Search code examples
rpostweb-scrapingrvestrcurl

R - form web scraping with rvest


First I'd like to take a moment and thank the SO community, You helped me many times in the past without me needing to even create an account.

My current problem involves web scraping with R. Not my strong point.

I would like to scrap http://www.cbs.dtu.dk/services/SignalP/

what I have tried:

    library(rvest)
    url <- "http://www.cbs.dtu.dk/services/SignalP/"
    seq <- "MTSKTCLVFFFSSLILTNFALAQDRAPHGLAYETPVAFSPSAFDFFHTQPENPDPTFNPCSESGCSPLPVAAKVQGASAKAQESDIVSISTGTRSGIEEHGVVGIIFGLAFAVMM"
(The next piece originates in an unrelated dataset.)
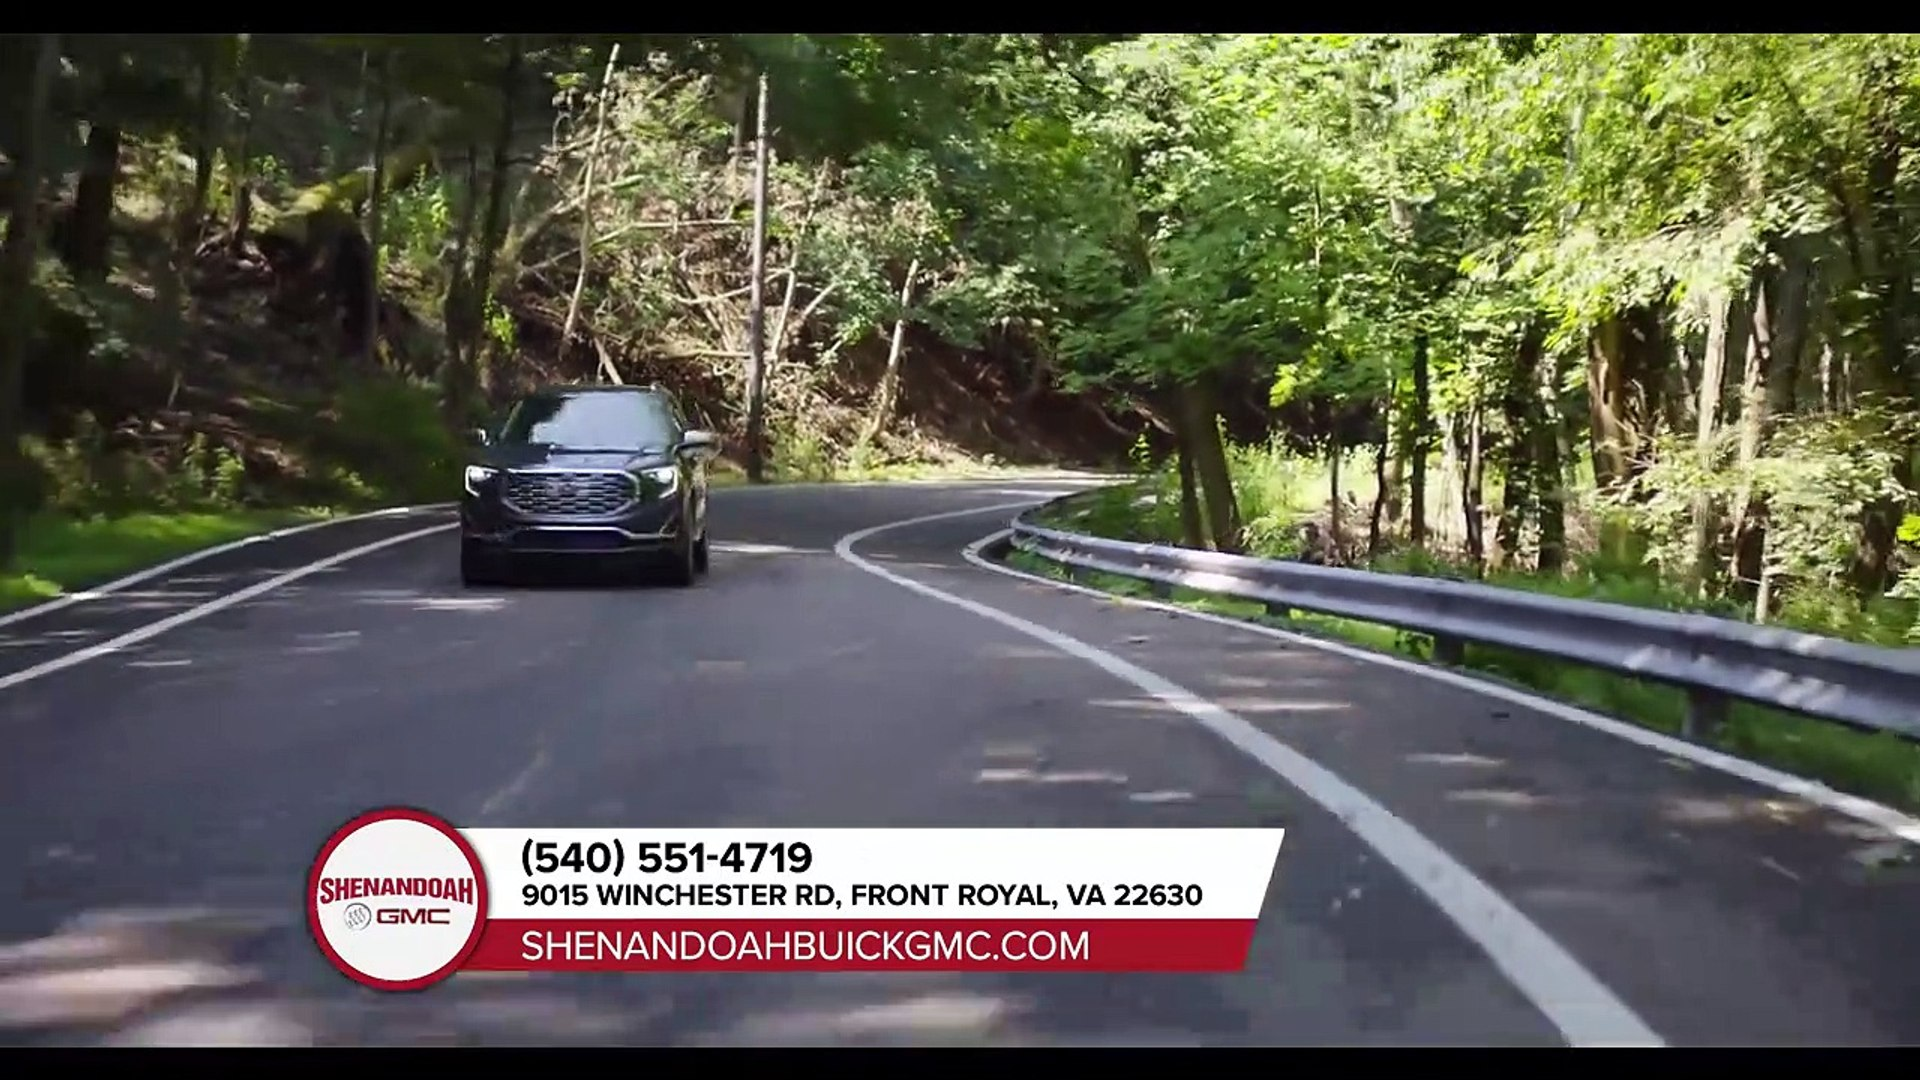 2019 GMC Terrain Front Royal VA | New GMC Terrain Front Royal VA
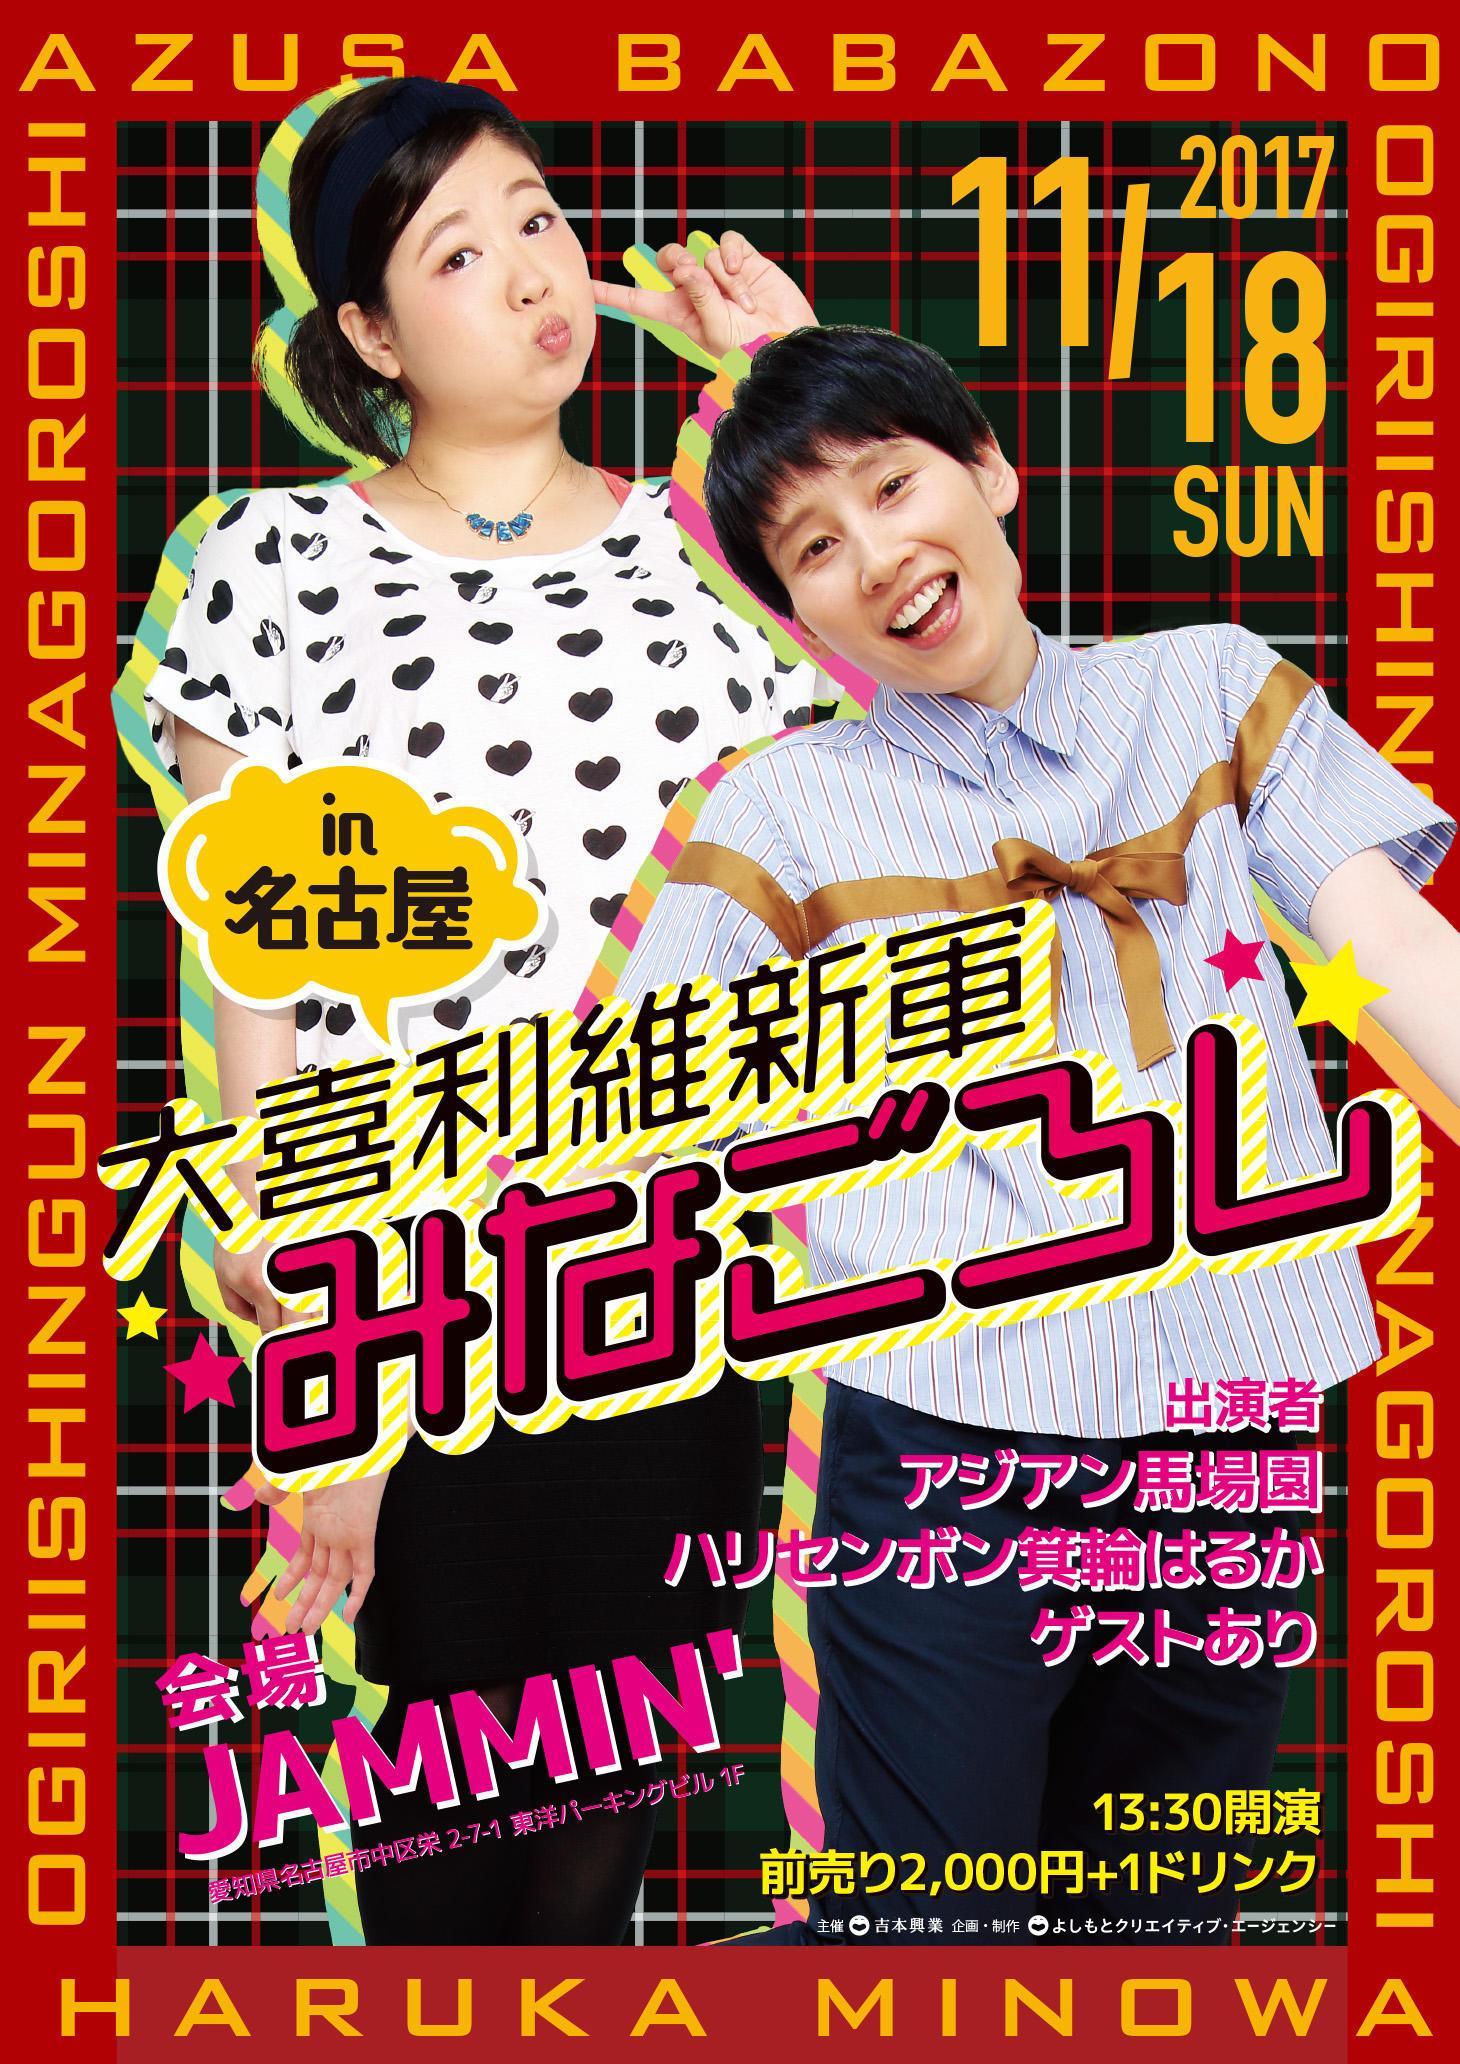 http://news.yoshimoto.co.jp/20171006180956-db6b8a12068b7e8409dc971494018024a2a08f29.jpg

    session <- rvest::html_session(url)
    form <- rvest::html_form(session)[[2]]
    form <- rvest::set_values(form, `SEQPASTE` = seq)
    form_res_cbs <- rvest::submit_form(session, form)
    #rvest prints out:
    Submitting with 'trunc'

rvest::html_text(rvest::html_nodes(form_res_cbs, "head")) 
#ouput:
"Configuration error"

rvest::html_text(rvest::html_nodes(form_res_cbs, "body"))

#ouput:
"Exception:WebfaceConfigErrorPackage:Webface::service : 358Message:Unhandled #parameter 'NULL' in form "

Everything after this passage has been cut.